Dont touch anything! You just got rid of your crabs!
fuck you guys, stop putting fake babies in my car the cops came again.
i'm drinking with a bunch of phds, i feel very stupid but good about my drinking abilities
I ate the snowman's head. That is not a drug euphemism.
We probably shouldn't have forced that guys cat to drink the grey goose while we were doing lines in his bathroom
ummm i just drove by ur house and ur passed out on the porch. please call me when u get this
She called to say she's single and blow job season is back.
I deleted his number so I had to go into my old voicemails which are saved through my gmail and search his name... Never underestimate the resourcefulness of a drunk girl on a mission for dick
Teenager with grandparents staying in their room: is to blue balls, as parent waiting for teen to come home safe: is to sleep. You will live- love mom
I chugged that bitch with a dip in.
You somehow managed to be a man whilst drinking a Mike's Hard. I commend you.

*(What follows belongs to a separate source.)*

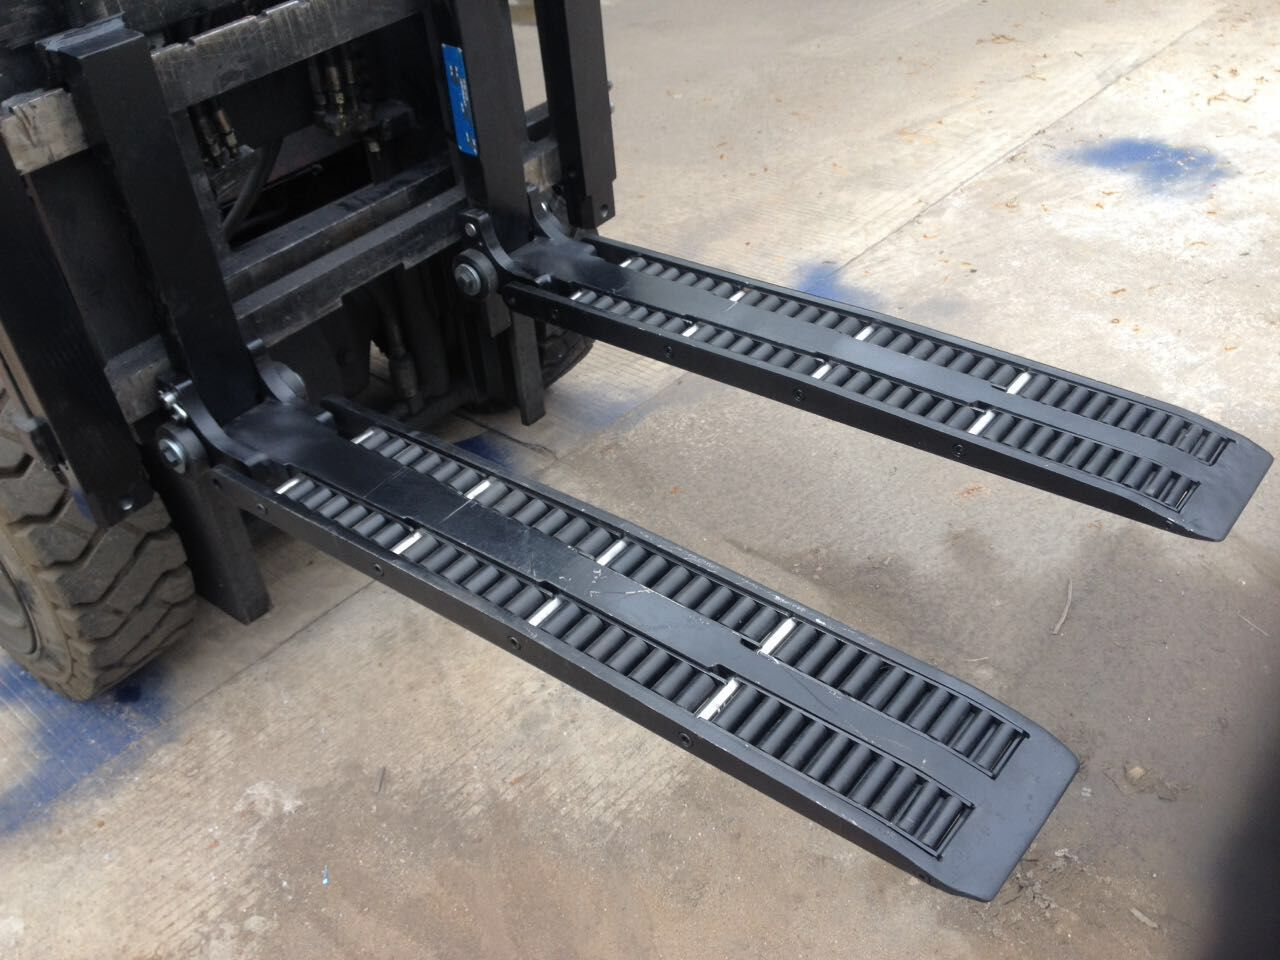 Taipkan forks roda roda forklift WF2A1100 untuk dijual

Don't worry, I'm sure your thrusting skills are on point.
I don't know whether to be insulted or flattered that I am being propositioned to have a threesome only if I wear my cat onesie
I just fanned myself with my wet toothbrush to dry my mascara. Wtf
Next time I say "i forgot to eat dinner, oh well" before drinking STRAP ME TO A CHAIR AND FORCE FEED ME BEFORE ALLOWING ME TO CONSUME BOOZE
There’s a stripper dressed like a slutty pilgrim. Is that a thing?